Durante esta experiencia y a lo largo de su vida ella conoció a muchas mujeres comerciantes. En el Perú, 7 de cada 10 mujeres que trabajan lo hacen de manera informal, según el INEI, y uno de los motivos más importantes se debe a que la informalidad permite una flexibilidad de horarios que otros trabajos no ofrecen. “El que haya más mujeres microempresarias e informales que prefieren autoempleo se da porque no conseguimos un trabajo donde podamos atender a nuestros hijos y hogares. Cuando una mujer se convierte en madre todo cambia”, comenta Vanessa.
Dentro de lo que ha podido ver en estos años, sostiene que, en el caso de los varones se suelen ver padres que trabajan para mantenerse a sí mismos y otros que trabajan para mantener a la familia. “En el caso de las mujeres comerciantes, casi el 100% son mamás que trabajan para mantener a su familia.

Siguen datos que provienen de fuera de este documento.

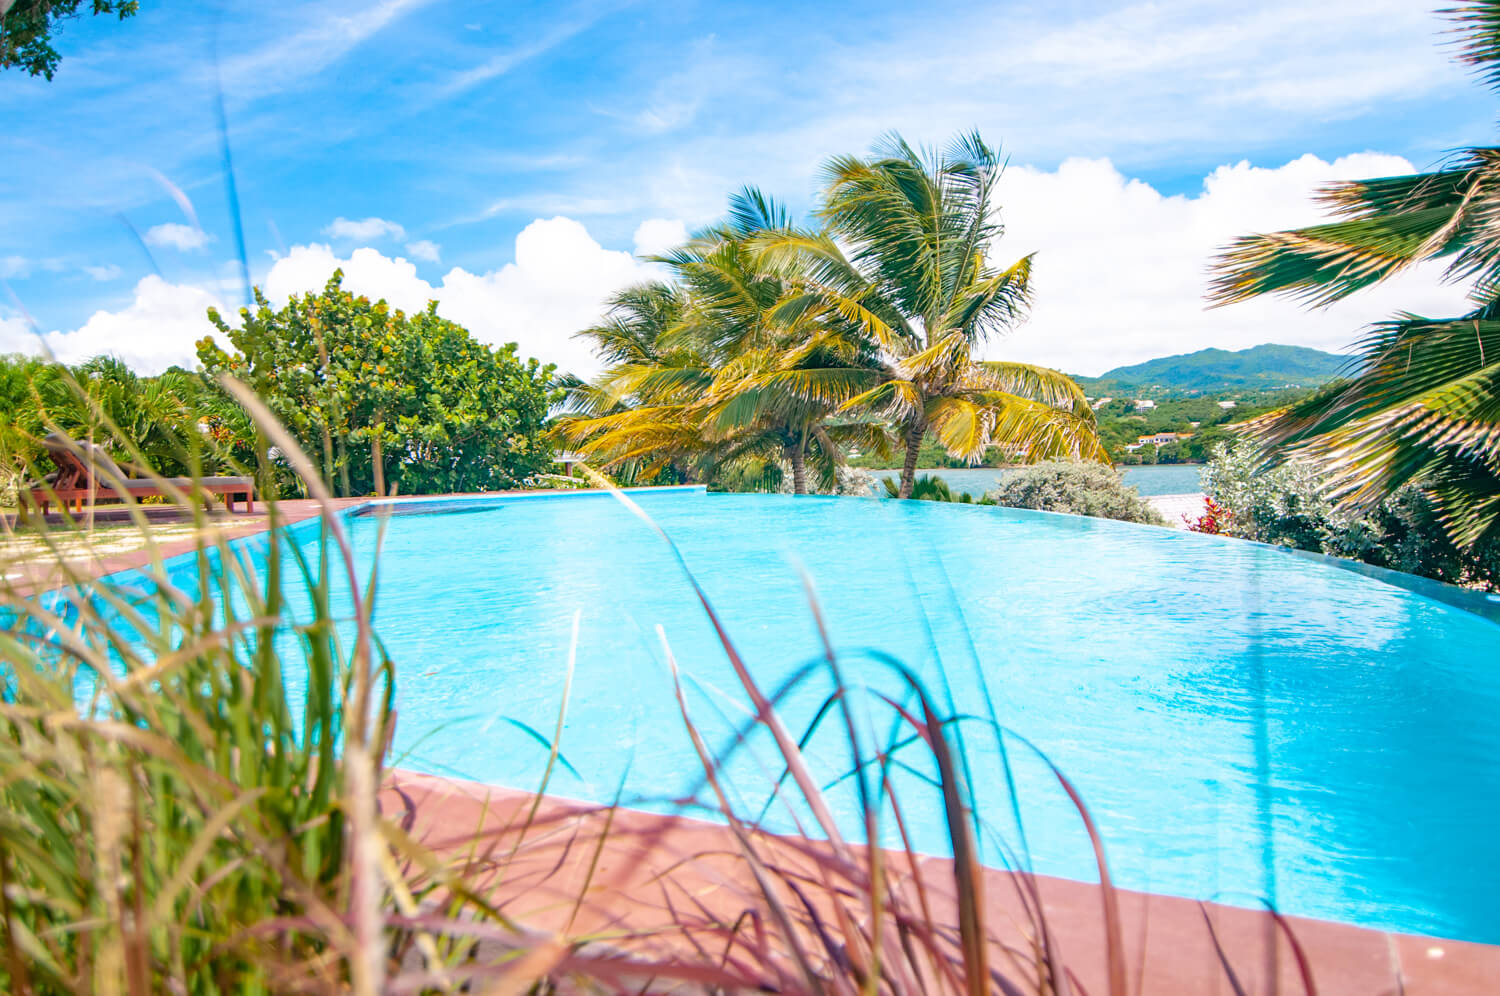 473 Grenada Boutique Resorts Specia deals for 2020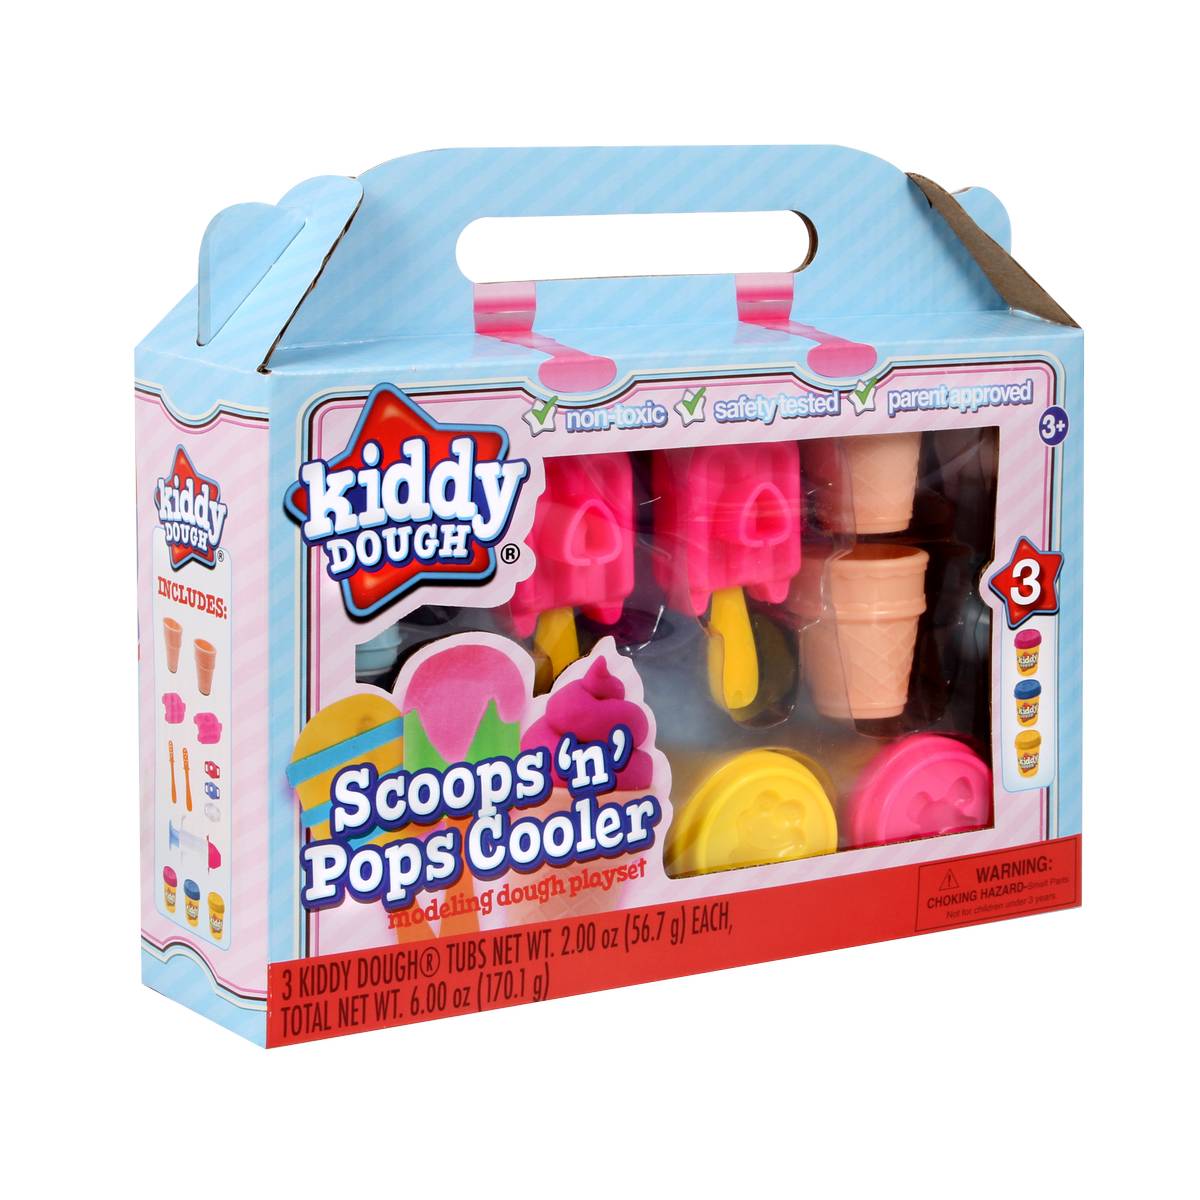 Kiddy Dough Bucket Modeling Play Set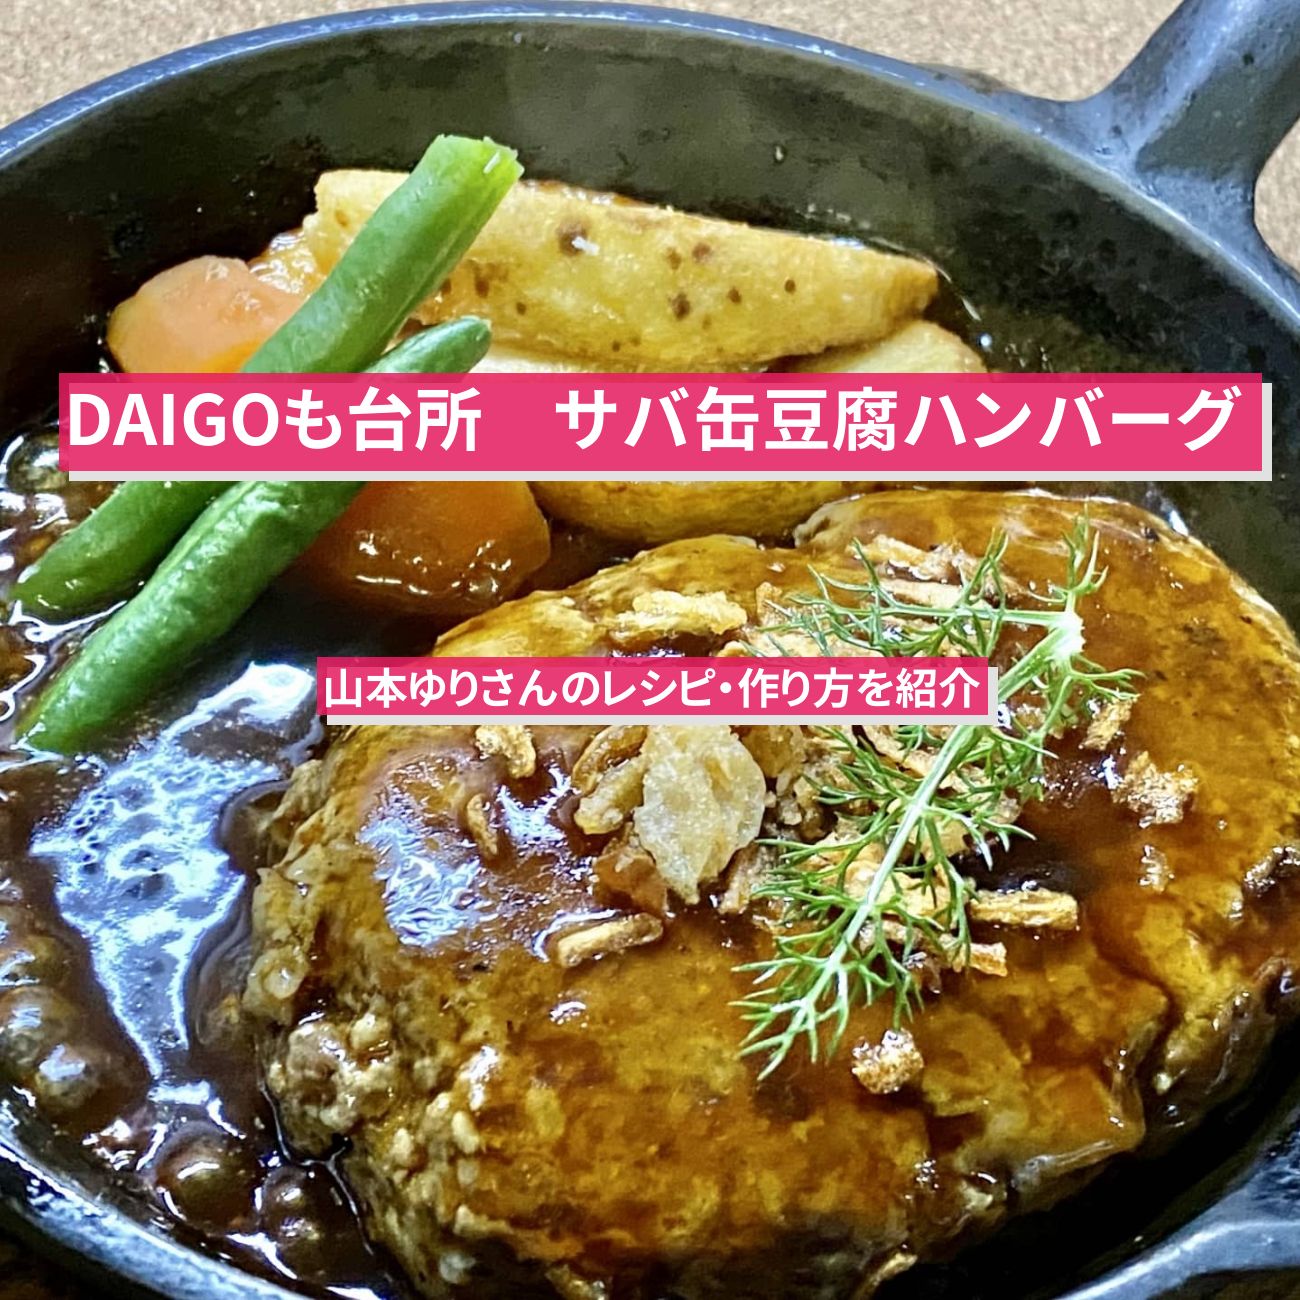 【DAIGOも台所】『サバ缶豆腐ハンバーグ』山本ゆりさんのレシピ・作り方を紹介〔ダイゴも台所〕

Ese fue el caso de la mía, que no tuvo una pareja que le diera ese soporte”, agrega.
Amor propio para enfrentar las dificultades
Si bien, Vanessa ayudaba de vez en cuando a su mamá a gestionar los negocios que tenía, las cosas no fueron bien y tuvo que cerrar la tiendita en el Centro de Lima tras un alza en el precio del alquiler. La preocupación y el estrés ocasionado por este cierre hicieron que empeorara la diabetes emotiva que le diagnosticaron a Gladys dos meses después del atentado.
“Quiero un pollito a la brasa con una Inka Kola helada”, fue lo que dijo antes de entrar a su última operación. Vanessa recuerda la ocurrencia de su mamá con una sonrisa en el rostro. Al salir, su cuerpo rechazó la intervención y falleció en el 2015 a los 59 años. Los últimos recuerdos que tiene Vanessa de su madre son las caminatas y conversaciones a la medianoche, hora en la que ella regresaba de estudiar.

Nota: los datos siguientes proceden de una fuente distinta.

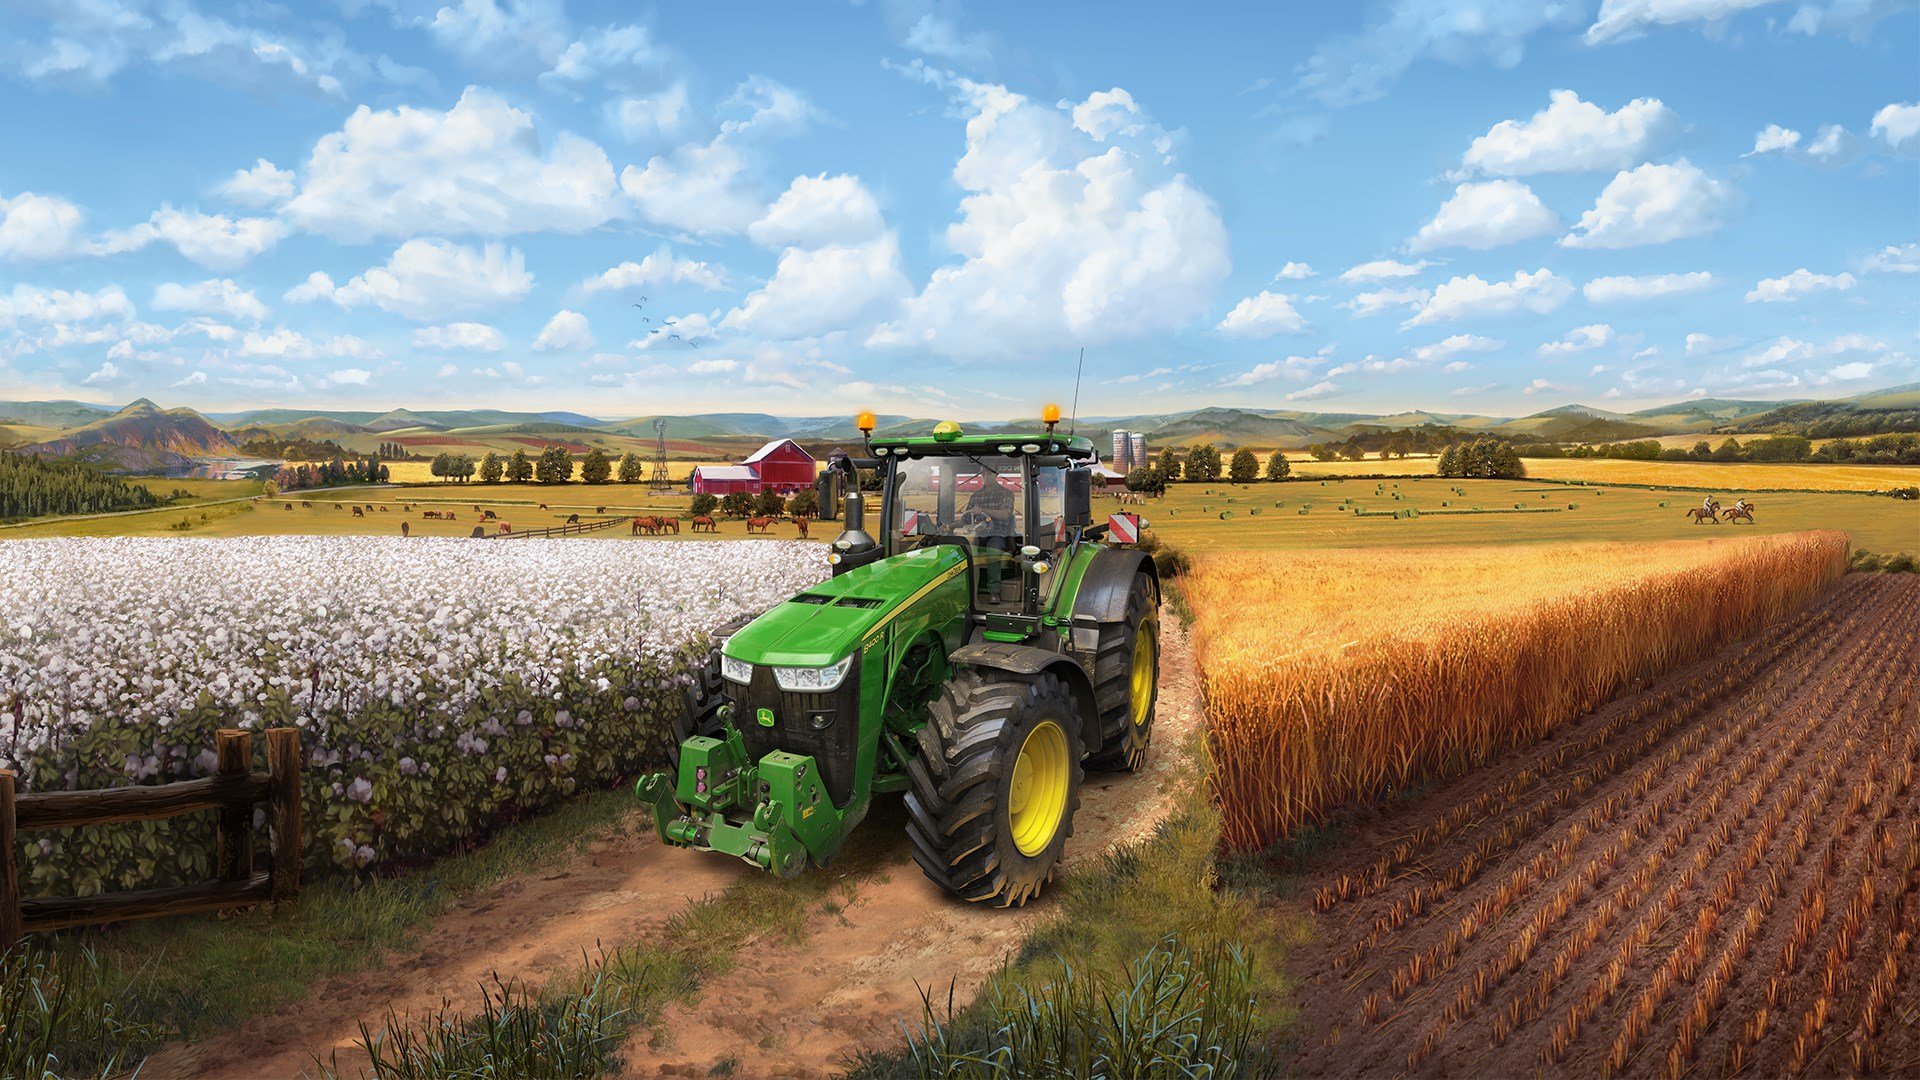 Farming Simulator 22 Steam Charts & Stats

La enseñanza que le dejó desde que era adolescente es algo que Vanessa ahora lleva como un mantra. “Algo esencial que toda mujer debería tener para salir adelante y sobrellevar las dificultades es el amor propio. Te lo digo desde mi propia experiencia, antes yo me sentía el patito feo, pero una mujer que se ama a sí misma, que sabe lo que vale y que tiene el autoestima alta es capaz de romper estereotipos, romper murallas y lograr sus objetivos”, asegura.

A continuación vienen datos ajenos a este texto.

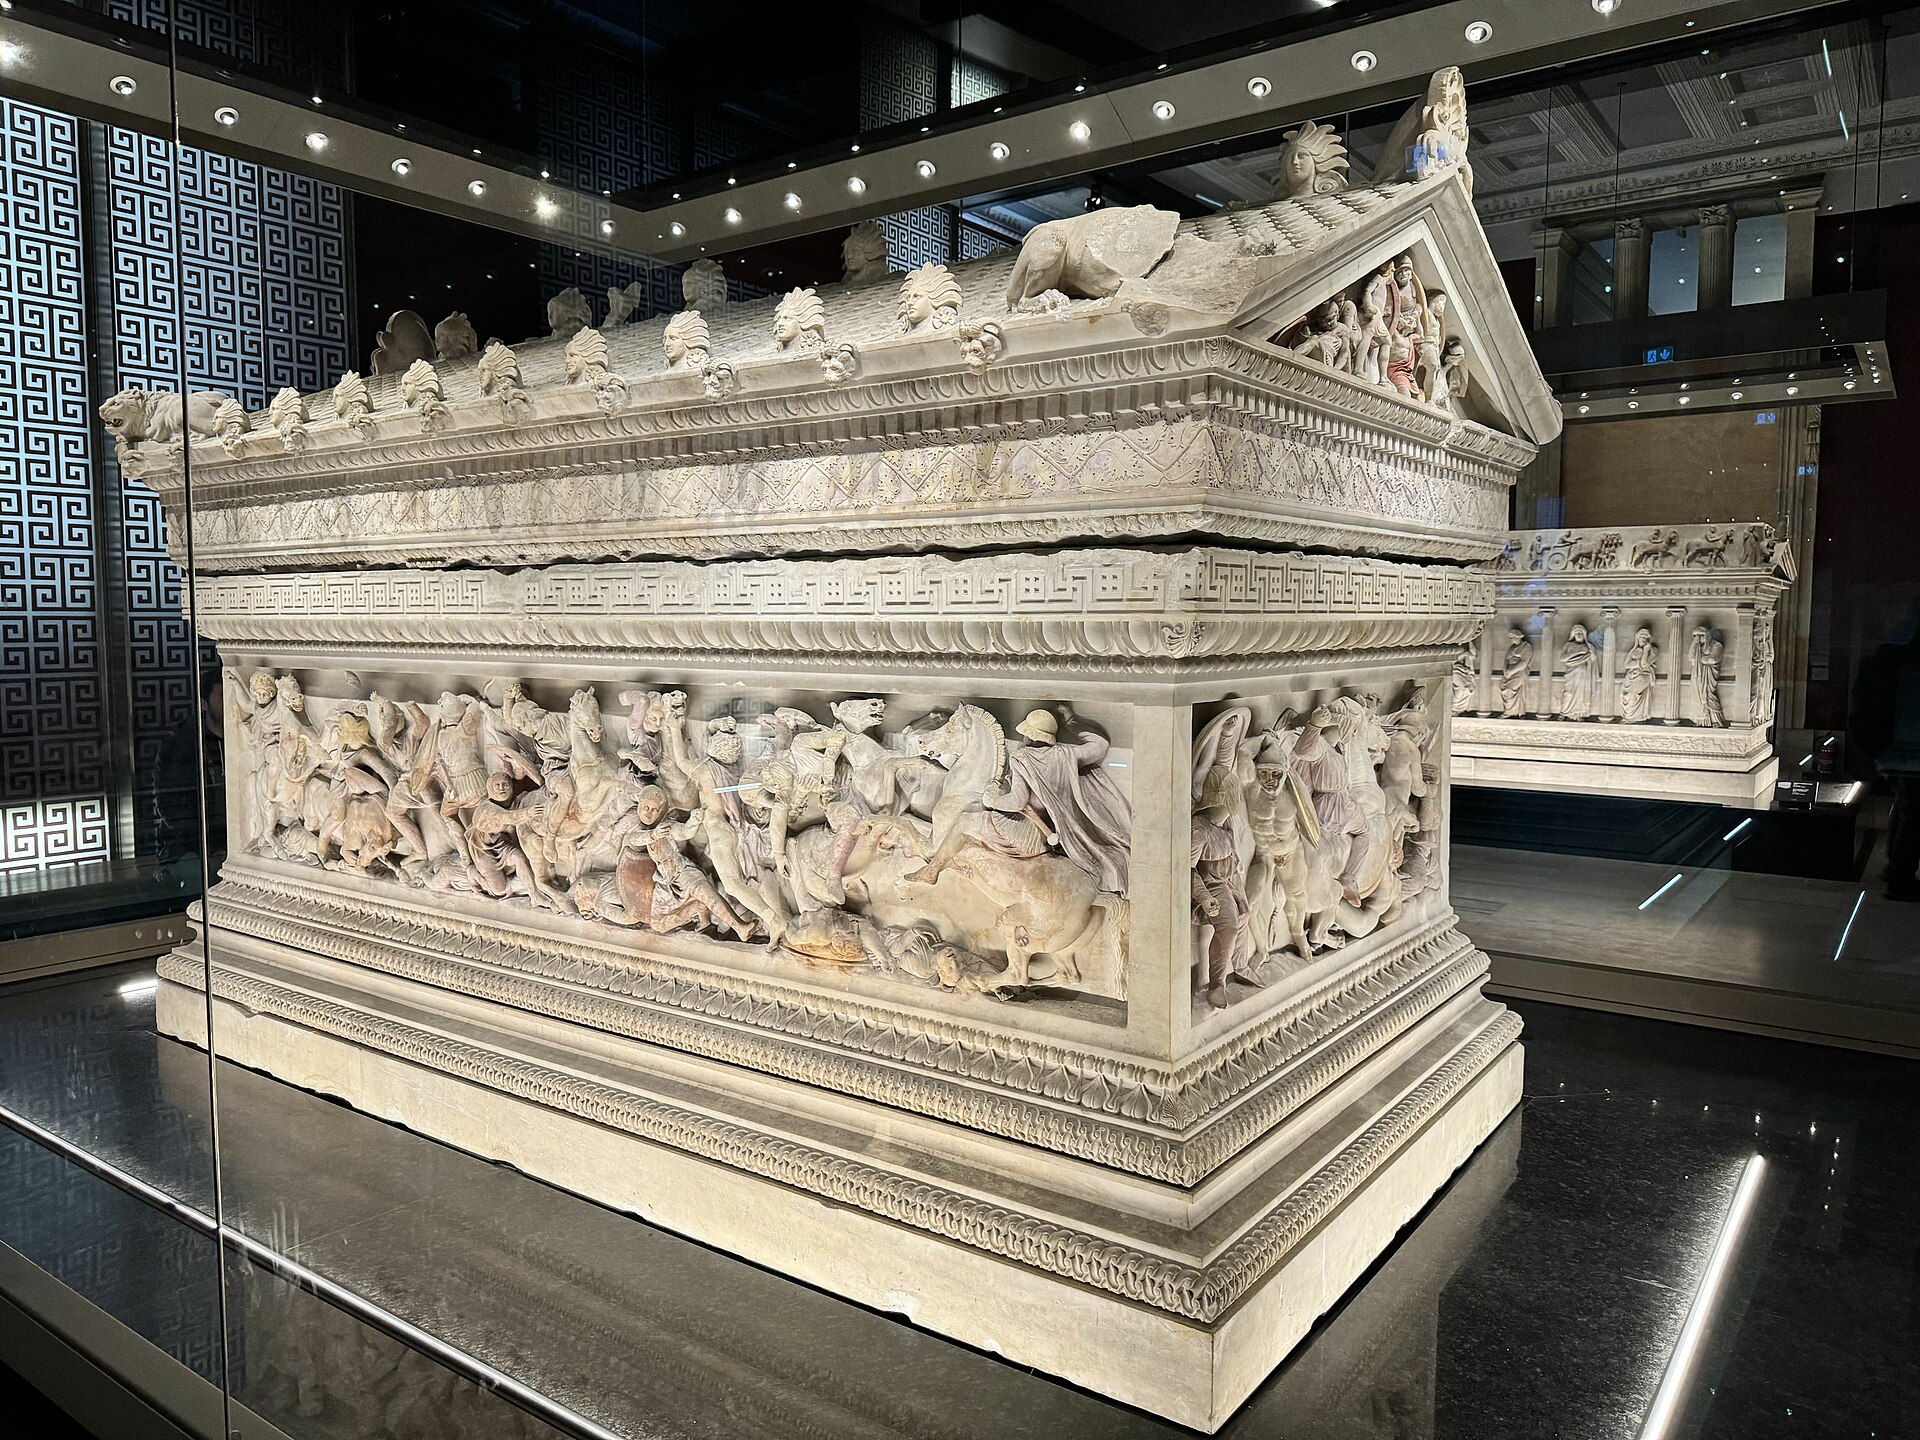 Large stone sarcophagus

Hoy Vanessa es ingeniera económica, está casada y tiene dos hijas pequeñas, una de seis años y otra de dos. Trabaja en el programa Parlamento Universitario dentro del Congreso de la República y busca fomentar la participación ciudadana. Sigue siendo una acérrima defensora de la paz y no pierde oportunidad para enseñar a los más jóvenes cómo se vivió el terrorismo en nuestro país. Pero ya no hace el ejercicio de mirarse al espejo todas las mañanas, sonreír y decirse lo mucho que se quiere. “Ya no lo hago porque ya lo sé”, dice. Su madre, esa mujer coraje que le dio grandes lecciones en vida, debe sonreír desde donde esté al ver que logró que su hija aprendiera lo que todas deben aprender desde pequeñas: a amarse a sí mismas.